Fonction publique : vers une inspection du travail indépendante ?

Le Conseil économique, social et environnemental (Cese) préconise le lancement d’un « chantier de réflexion » autour de la mise en place d’une inspection du travail dans la fonction publique.

Publié le 9 mars 2026 à 16h03 Lecture 2

Contrairement au secteur privé, les obligations des employeurs publics en matière de santé et de sécurité au travail des agents ne sont pas réellement contrôlées.

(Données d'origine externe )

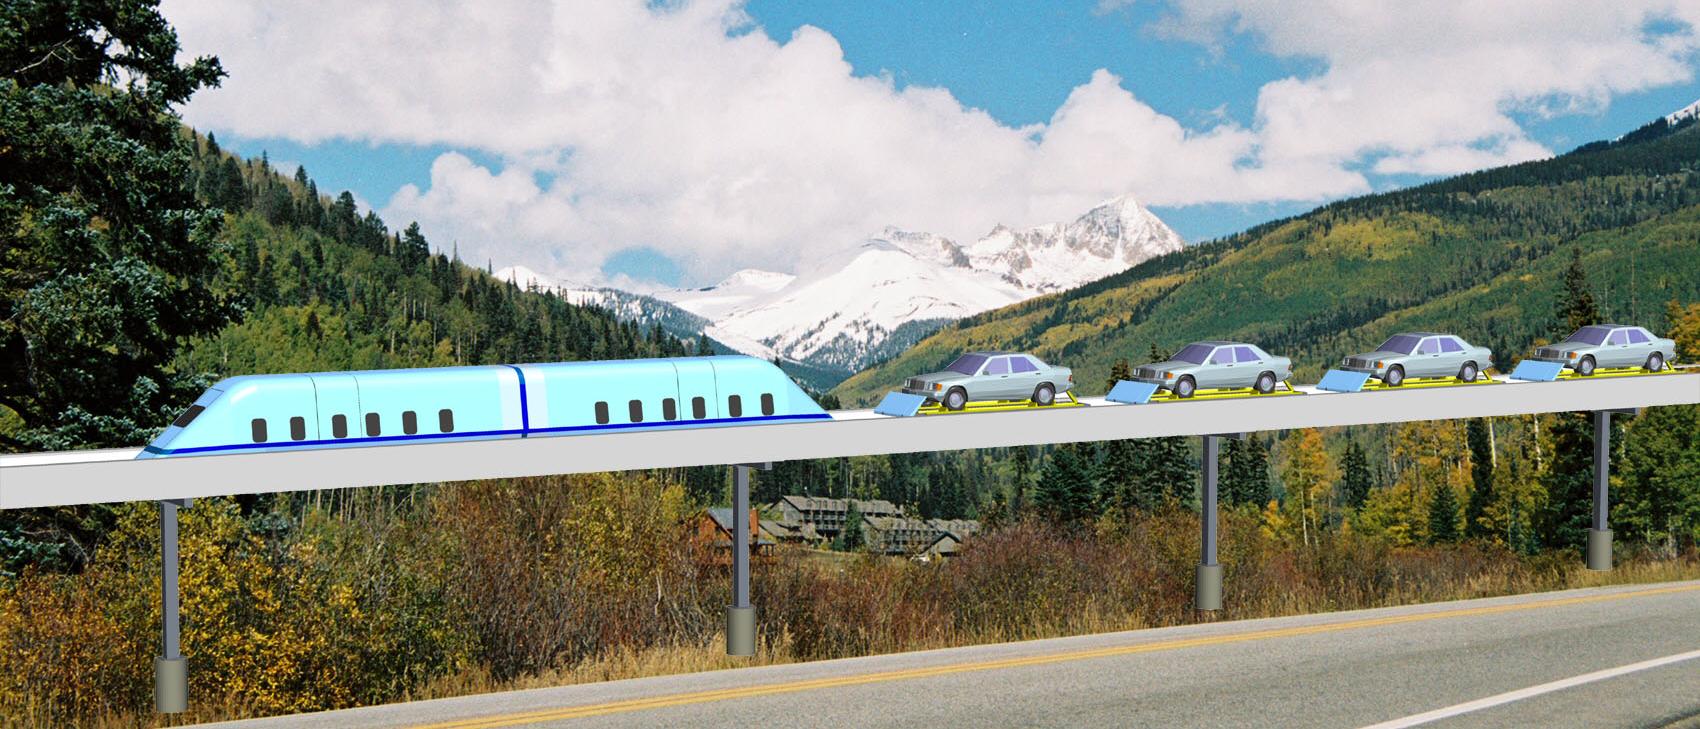 High speed CarLiner™ car-train service

Si les textes précisent que les dispositions du Code du travail relatives à la santé au travail sont applicables au secteur public, l’inspection du travail n’a aucun pouvoir de contrôle et de sanction dans la fonction publique.

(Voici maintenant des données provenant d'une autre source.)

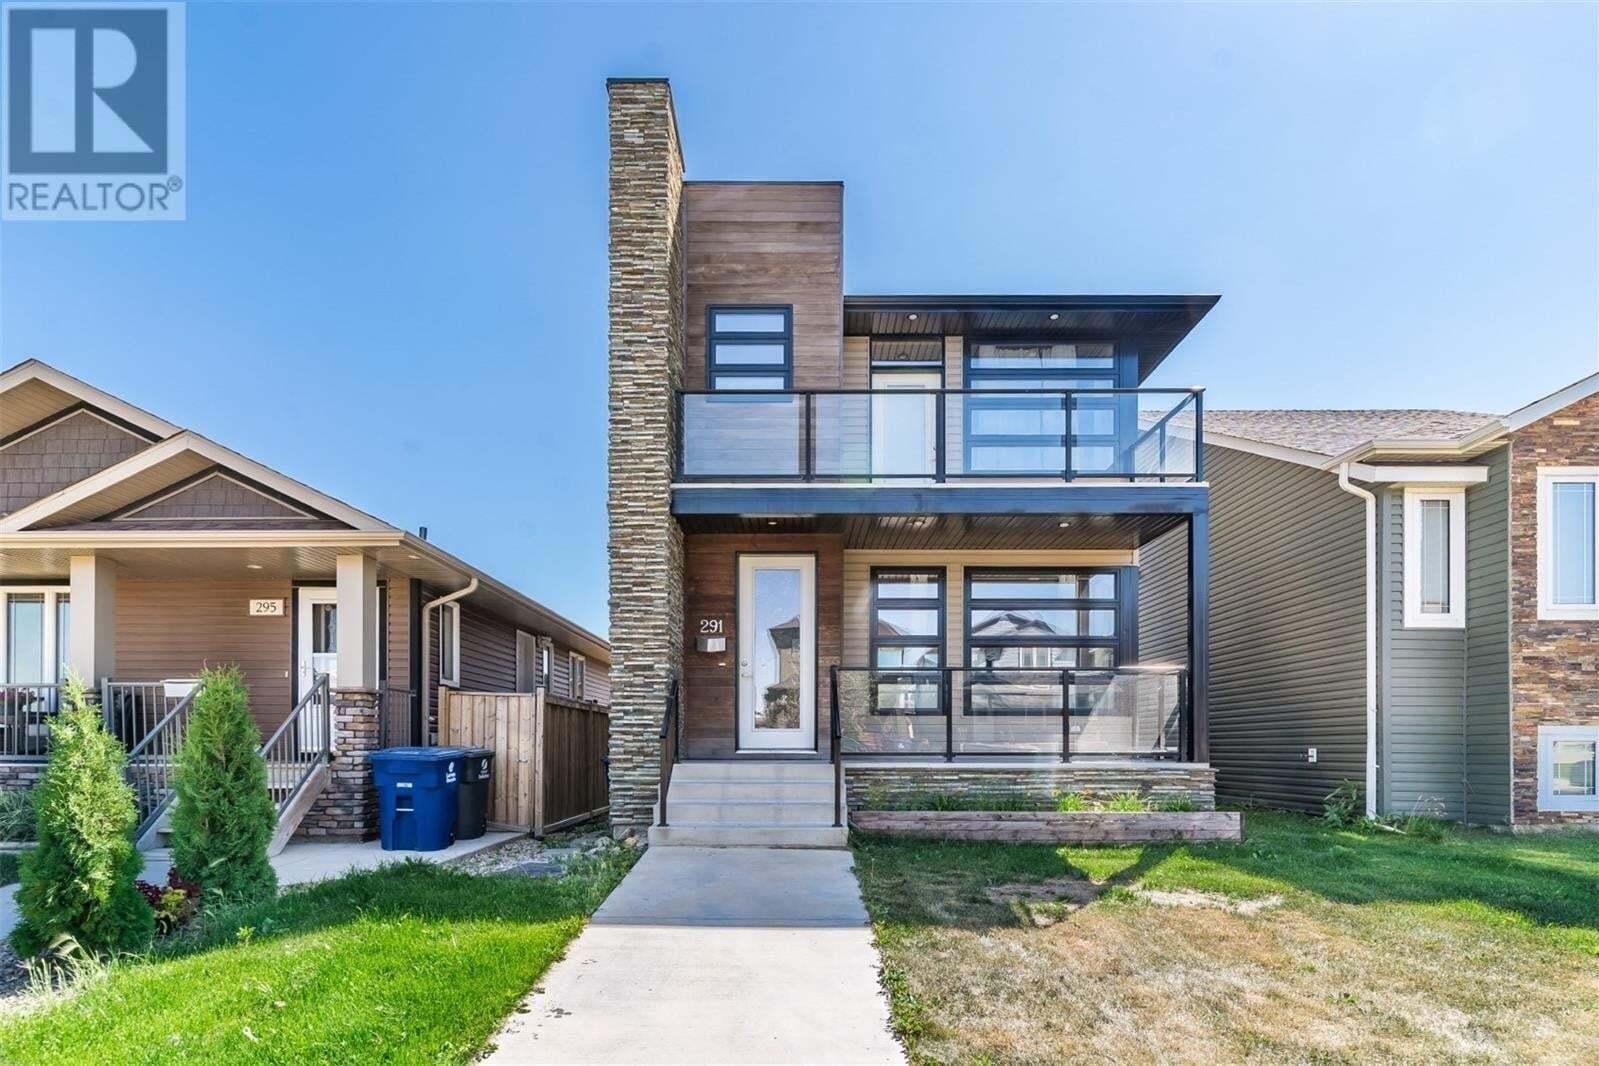 House for sale at 291 Wyant Ln Saskatoon Saskatchewan - MLS: SK819642

Dans un avis publié fin février relatif à la « lutte contre la précarité professionnelle » dans les trois versants de la fonction publique, le Cese souligne que « l’organisation du travail dans l’administration et ses impacts en matière d’hygiène, de sécurité et de santé au travail ne sont ainsi pas soumis à une autorité externe et indépendante de contrôle et de médiation, avec certains pouvoirs de sanction, telle que l’inspection du travail ».

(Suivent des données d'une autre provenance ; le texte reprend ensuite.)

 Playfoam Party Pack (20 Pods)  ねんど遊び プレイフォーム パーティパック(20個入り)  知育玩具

Par conséquent, le Cese propose de lancer un chantier visant à créer une « fonction analogue » à cette inspection, qui aurait vocation à intervenir dans les trois versants de la fonction publique.

Un exemple parmi d’autres cités par le conseil dans la fonction publique territoriale : en 2019, parmi les 44 100 collectivités ayant au moins un agent, seules 17 000 d’entre elles avaient mis en place un document unique d’évaluation des risques professionnels (DUERP).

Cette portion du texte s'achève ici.